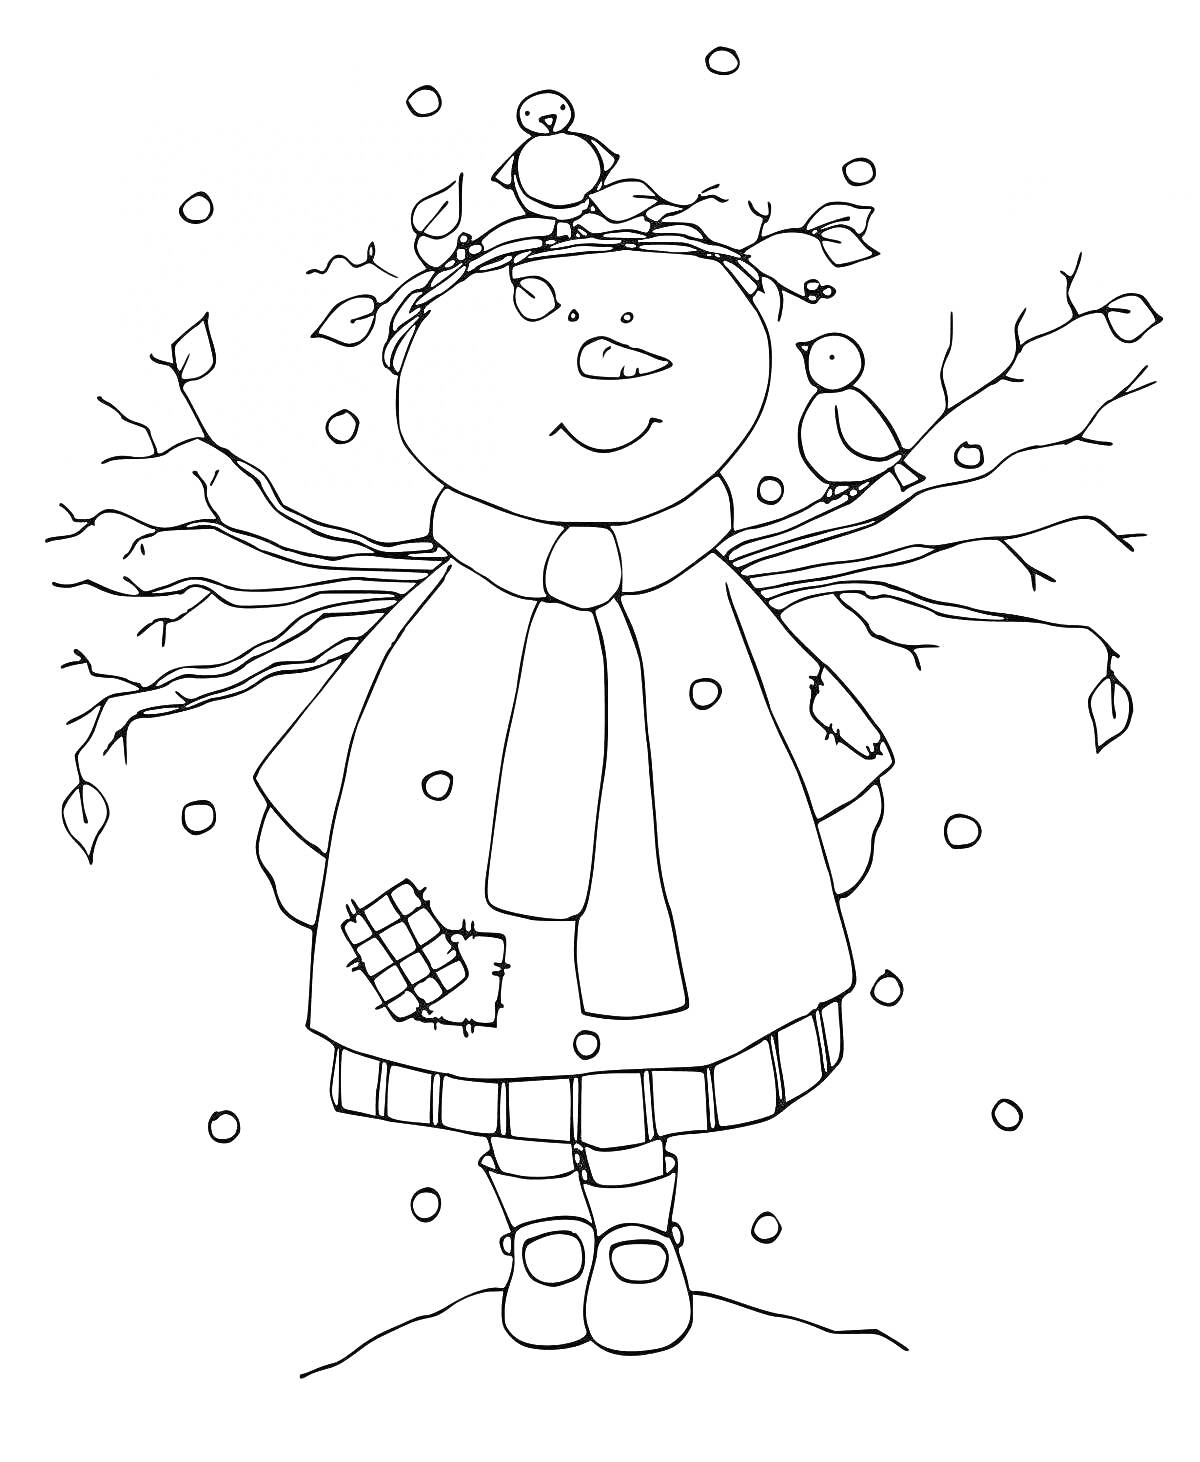 Раскраска Снежная баба с шарфом и птицами на ветках, в заплатанном пальто и в сапогах, с падающим снегом
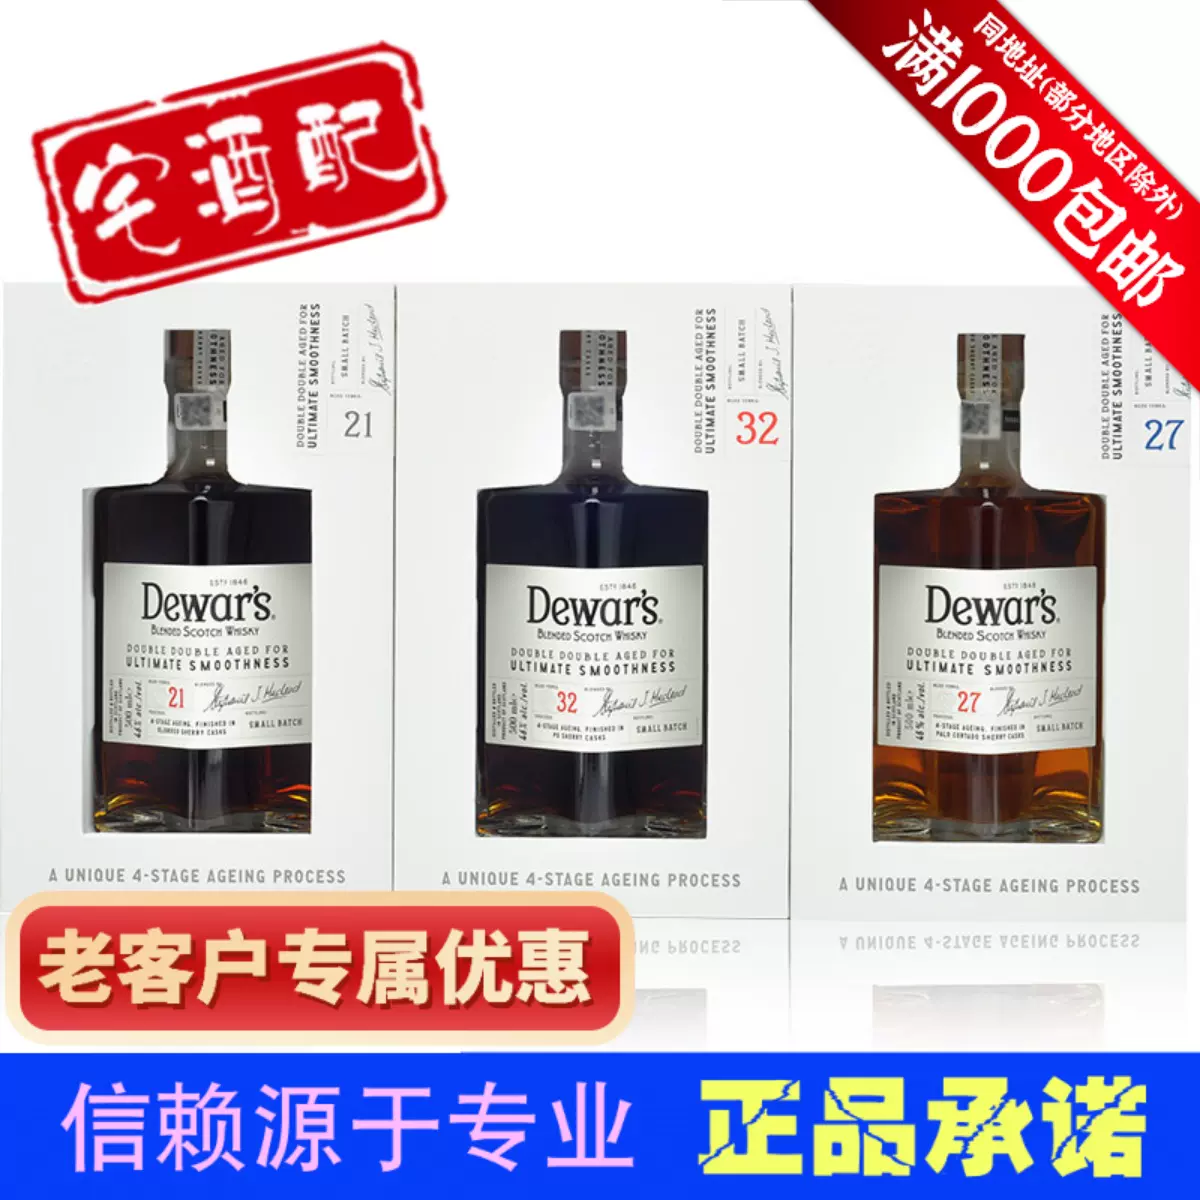 Dewar's doubledouble 27年食品/飲料/酒 - ウイスキー
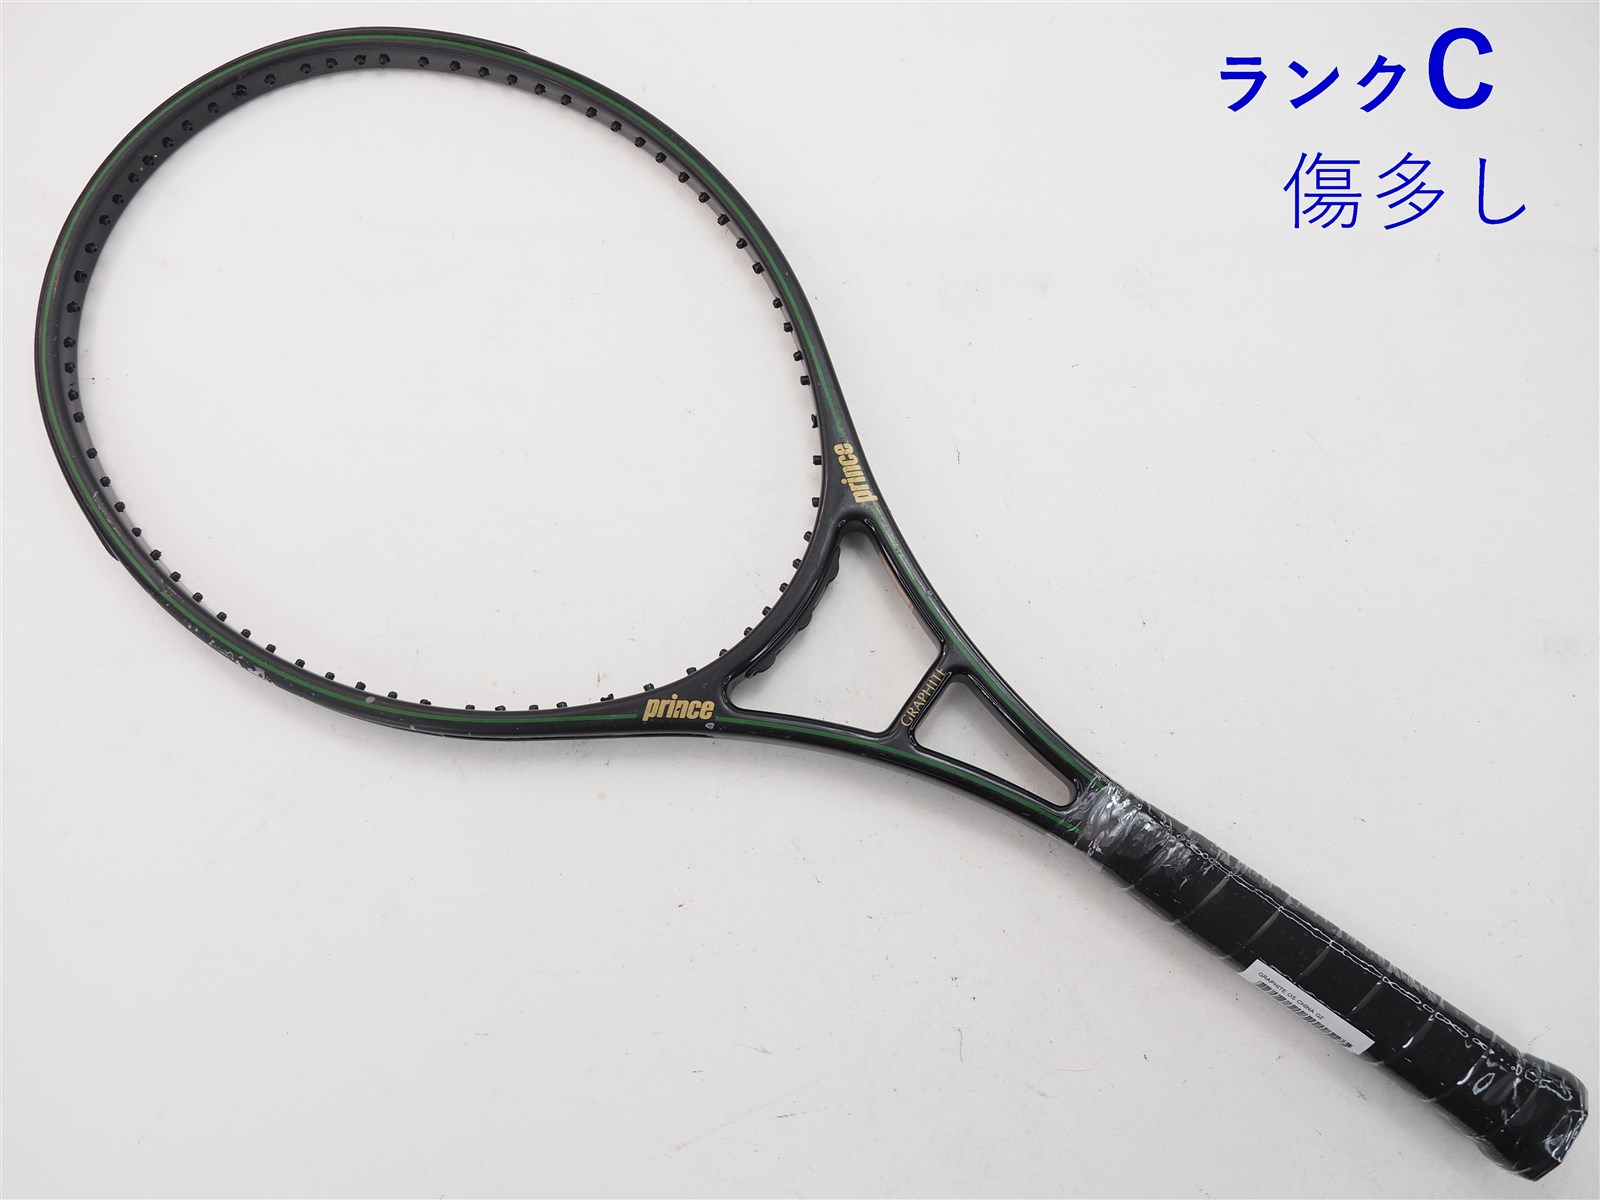 プリンス 初代グラファイト テニスラケット - スポーツ別
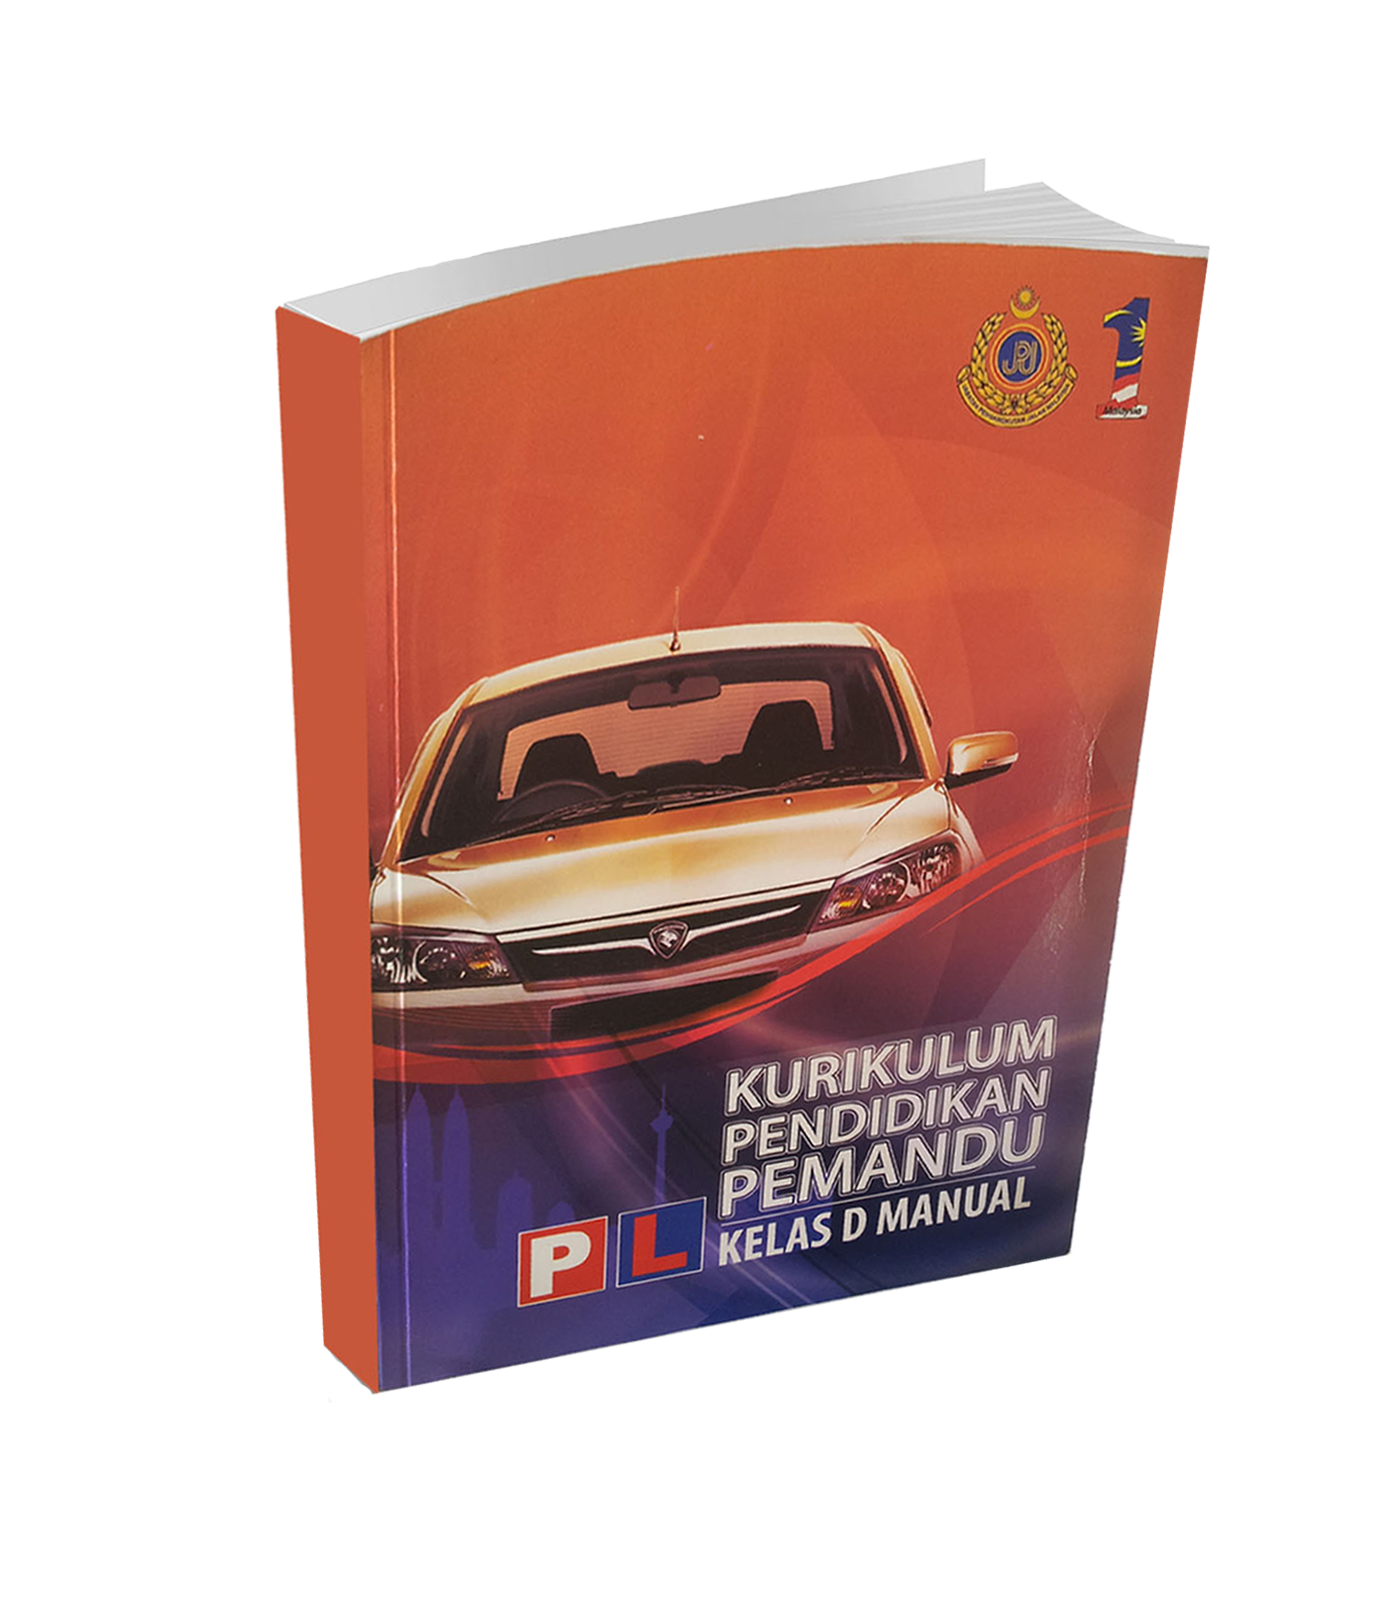 Buku KPP
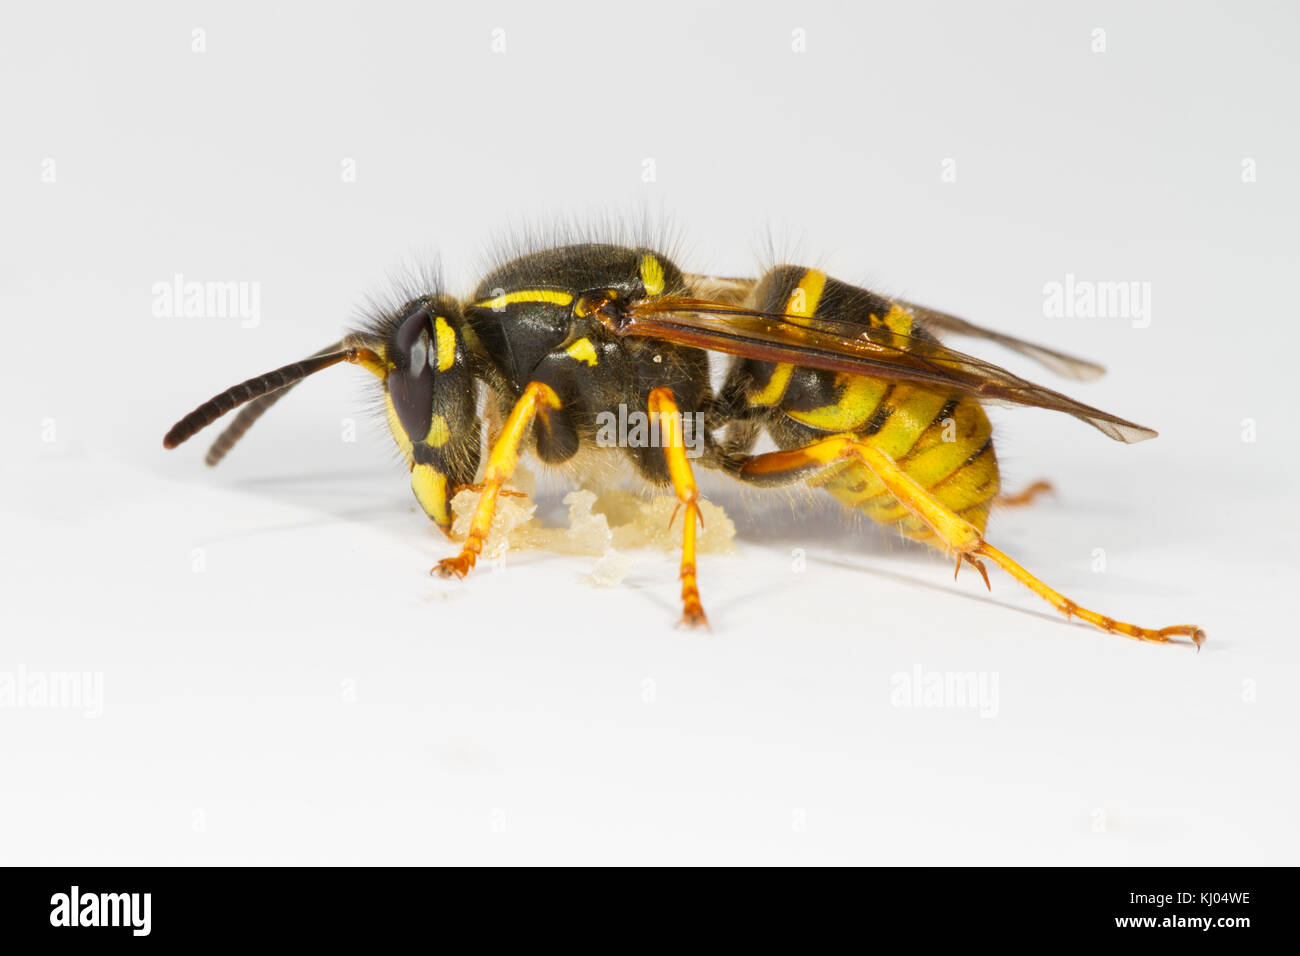 Wasp sassone (Dolichovespula saxonica) adulto lavoratore avanzamento sul miele su uno sfondo bianco. Powys, Galles. Agosto. Foto Stock

• Instructions for the task
Verbatim copy, images excluded: transcribe all the entries above.

• Your response
 Раскраска Снежная баба с шарфом и птицами на ветках, в заплатанном пальто и в сапогах, с падающим снегом
 Dewar's doubledouble 27年食品/飲料/酒 - ウイスキー
 プリンス 初代グラファイト テニスラケット - スポーツ別
 Buku KPP
 Wasp sassone (Dolichovespula saxonica) adulto lavoratore avanzamento sul miele su uno sfondo bianco. Powys, Galles. Agosto. Foto Stock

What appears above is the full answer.